__WORK TO COMPLETE__. Transcribe the listing in full, word for word; pictures do not belong in the copy.

__STORED DATA__.
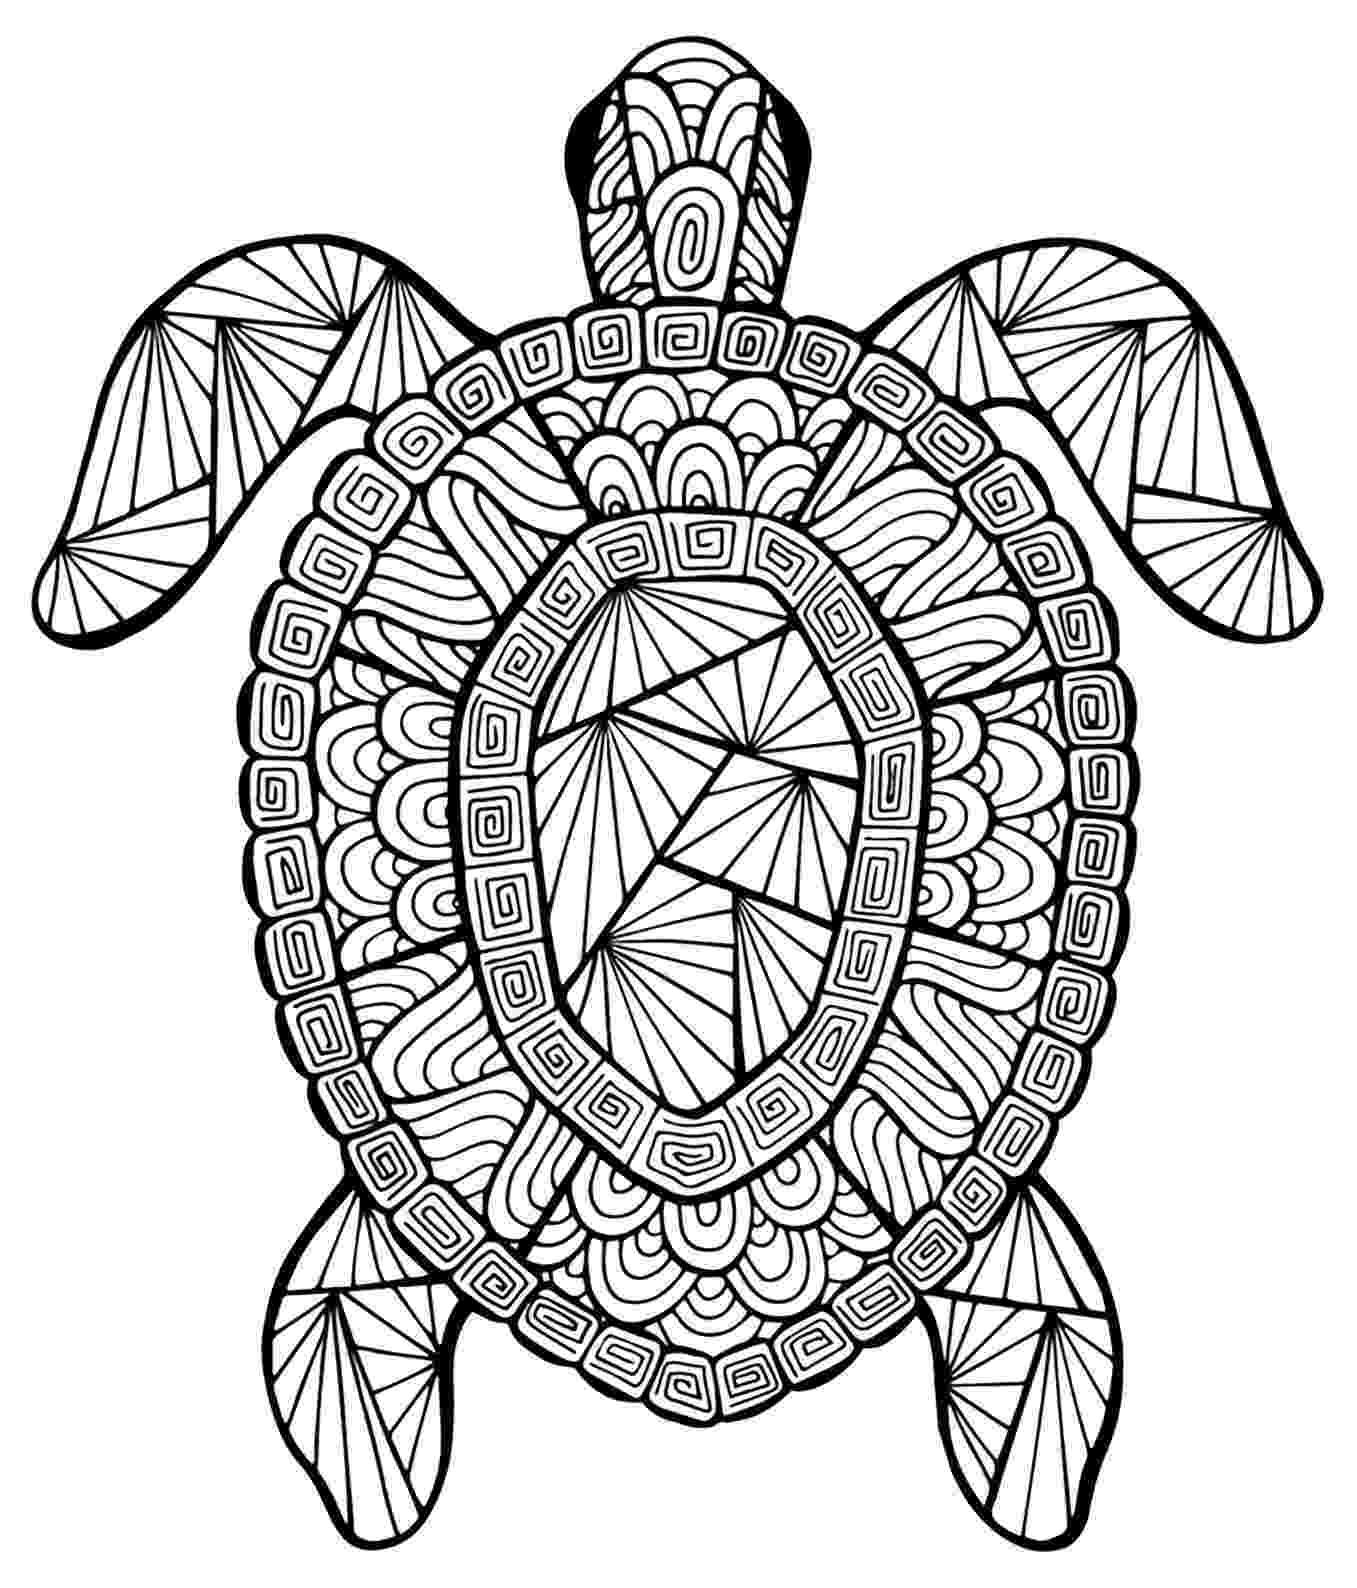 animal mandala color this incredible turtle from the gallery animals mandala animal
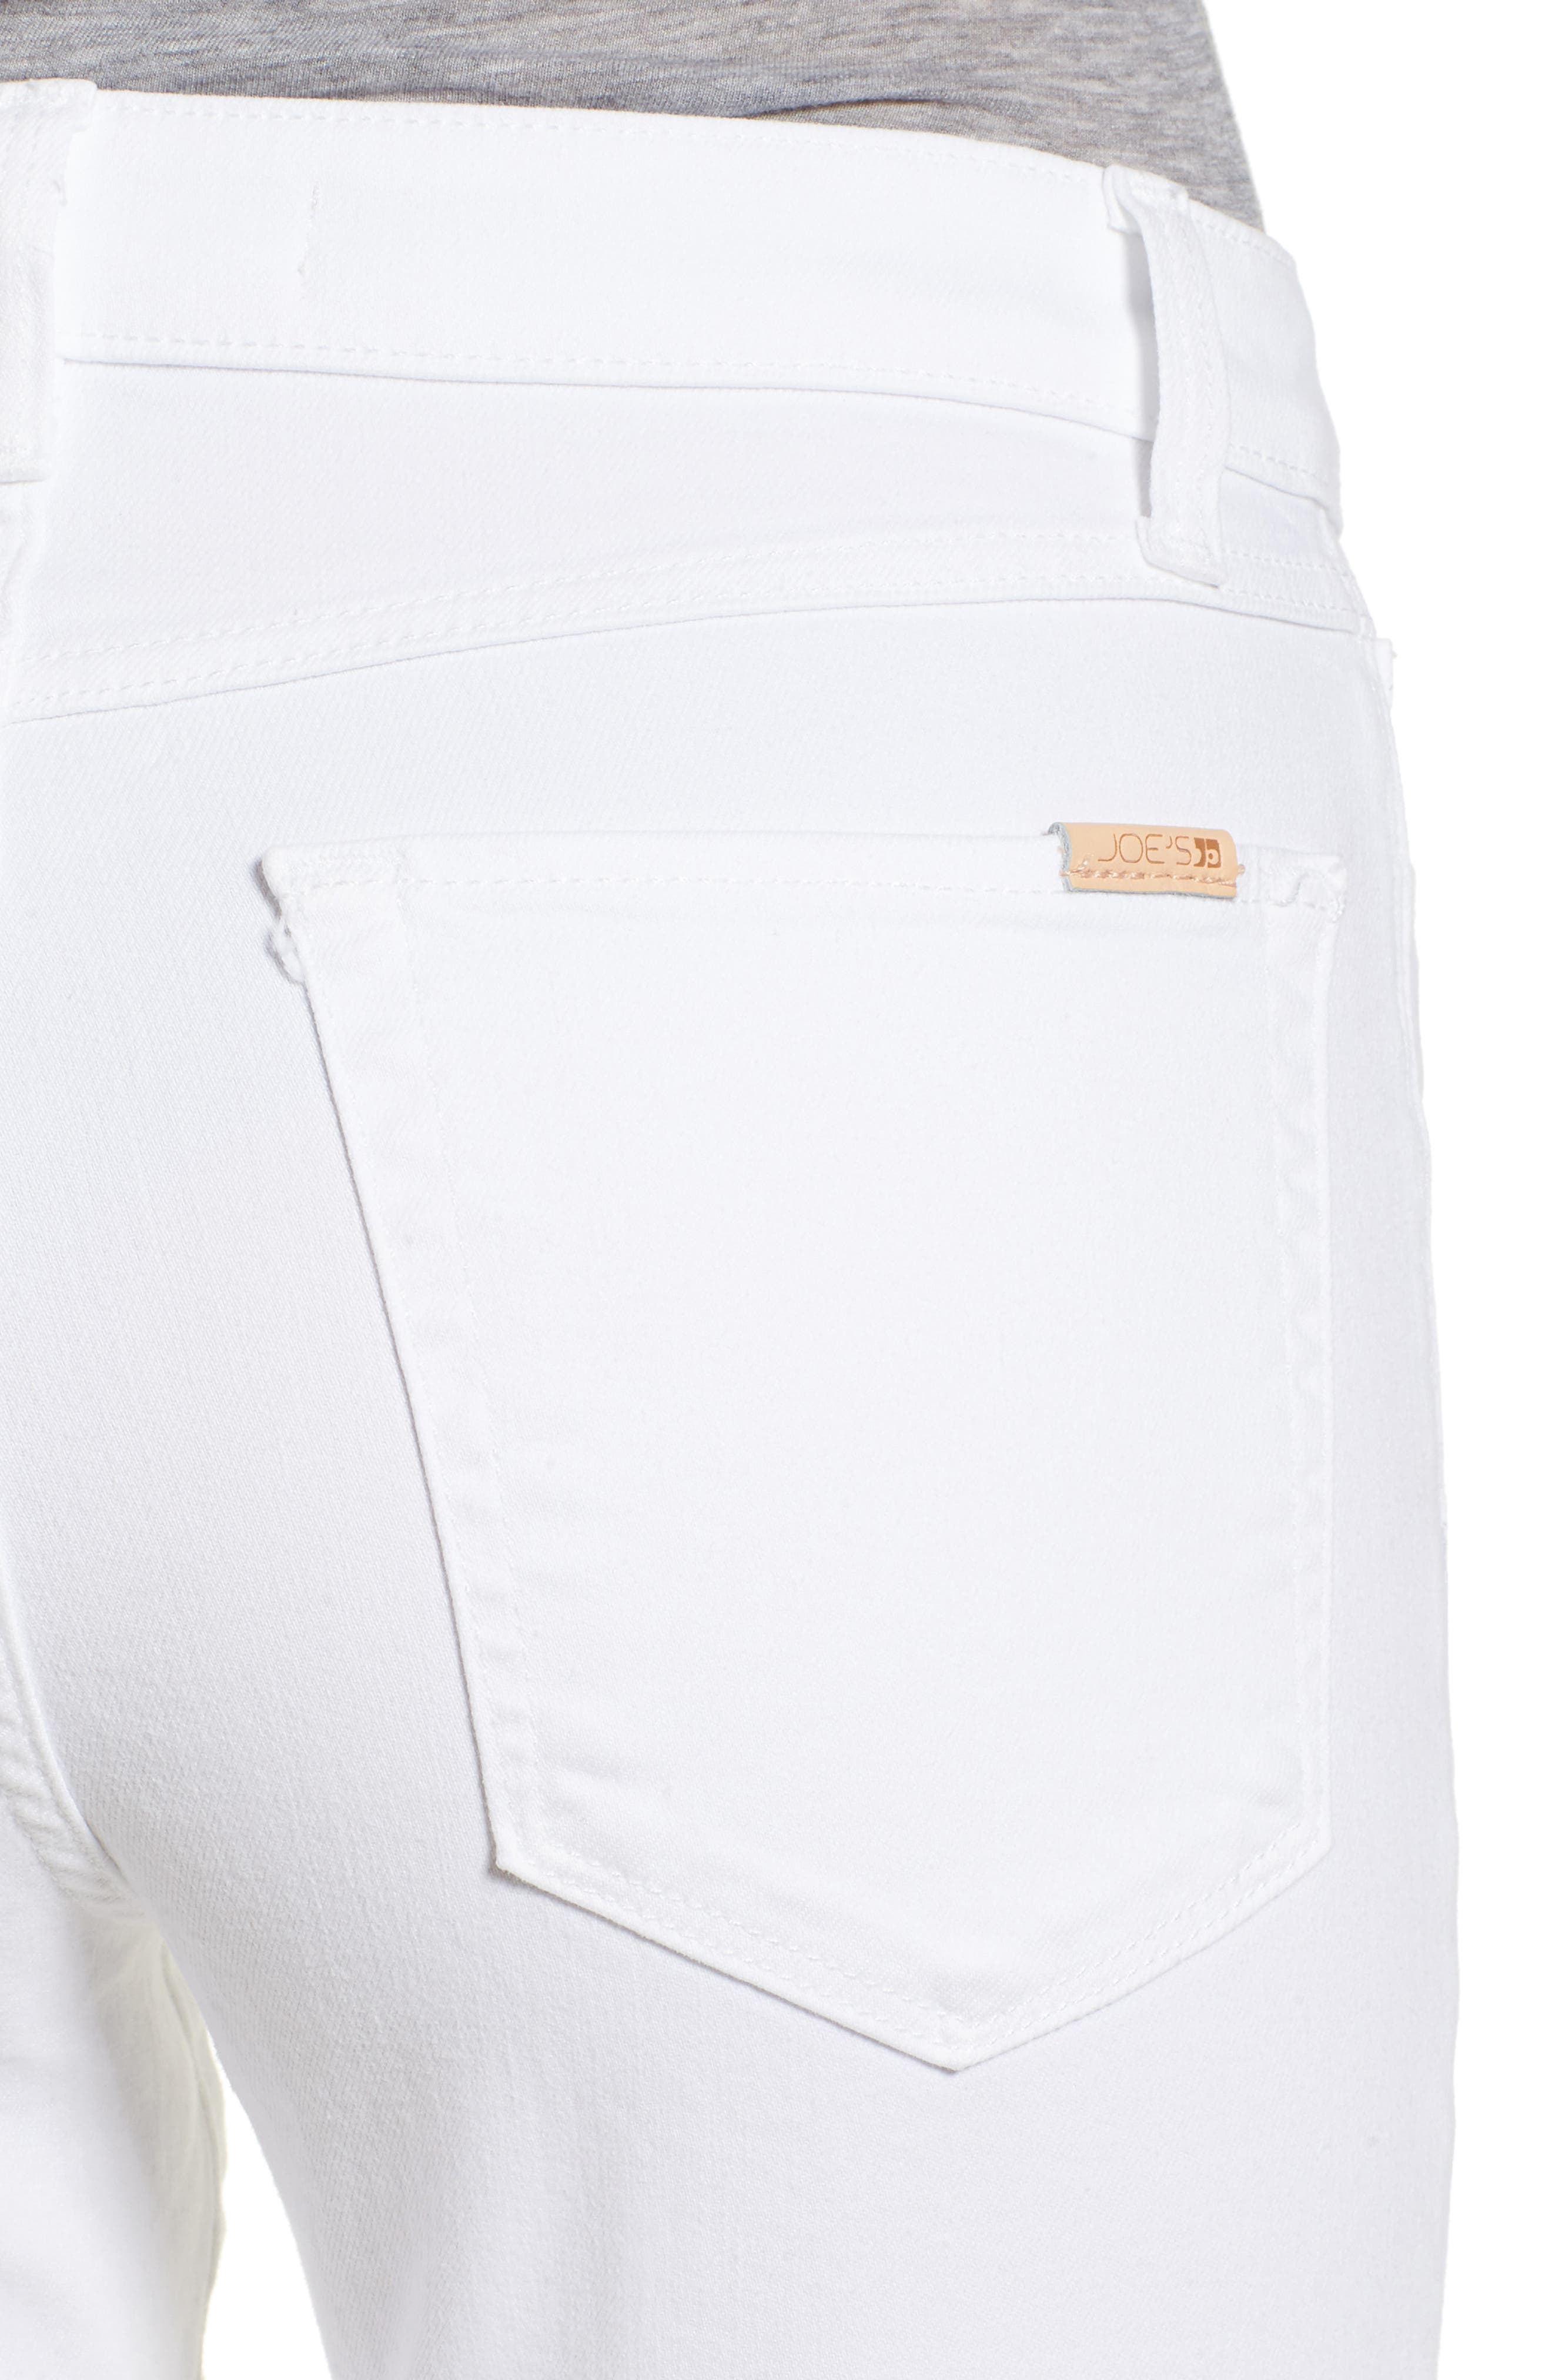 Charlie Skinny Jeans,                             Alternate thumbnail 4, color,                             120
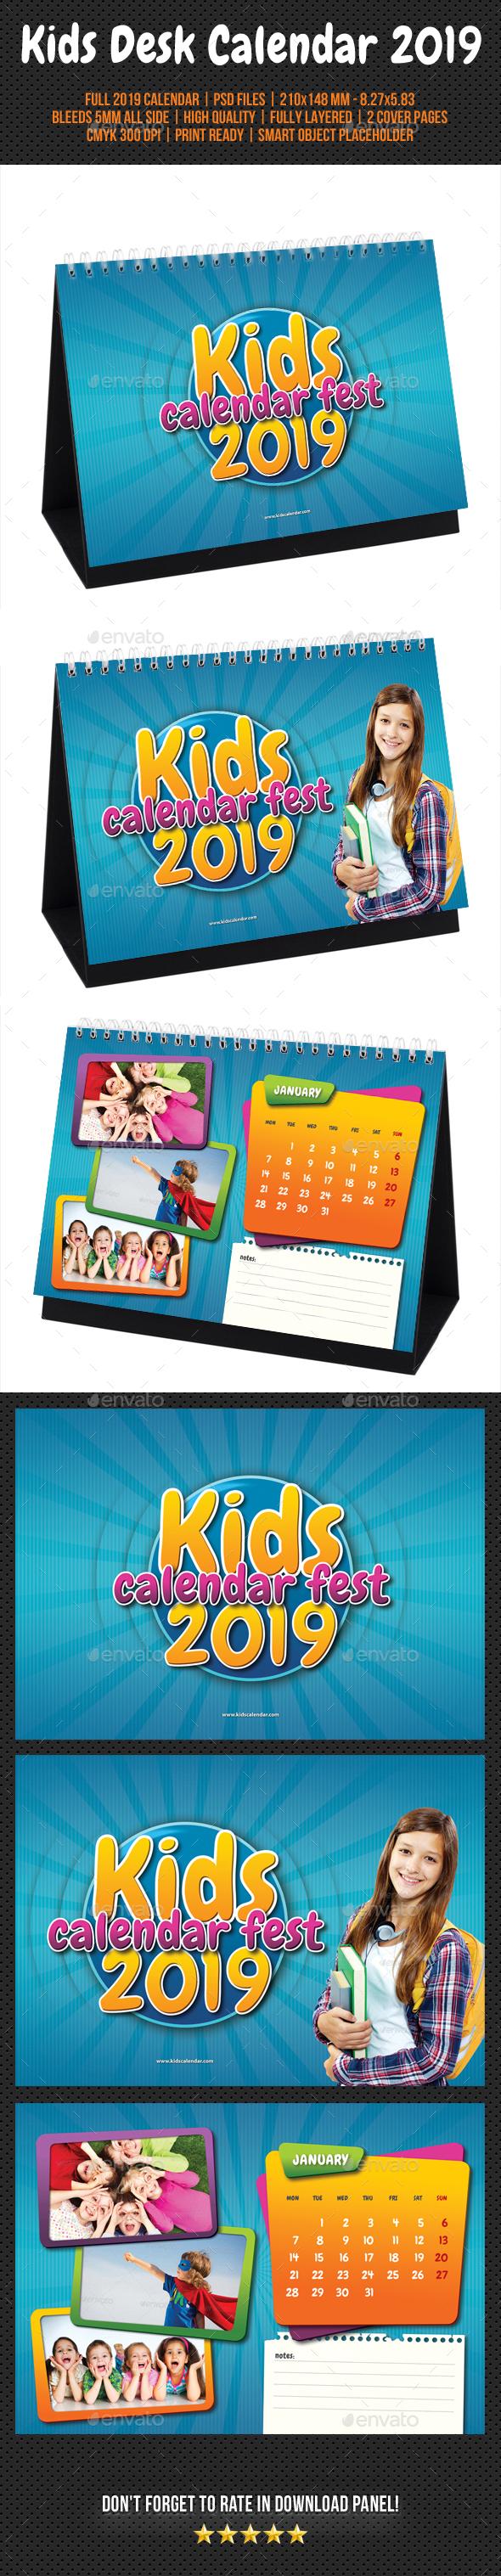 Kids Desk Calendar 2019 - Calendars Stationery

__REPLY TO THE TASK__.
 animal mandala color this incredible turtle from the gallery animals mandala animal
 Charlie Skinny Jeans,                             Alternate thumbnail 4, color,                             120
 Kids Desk Calendar 2019 - Calendars Stationery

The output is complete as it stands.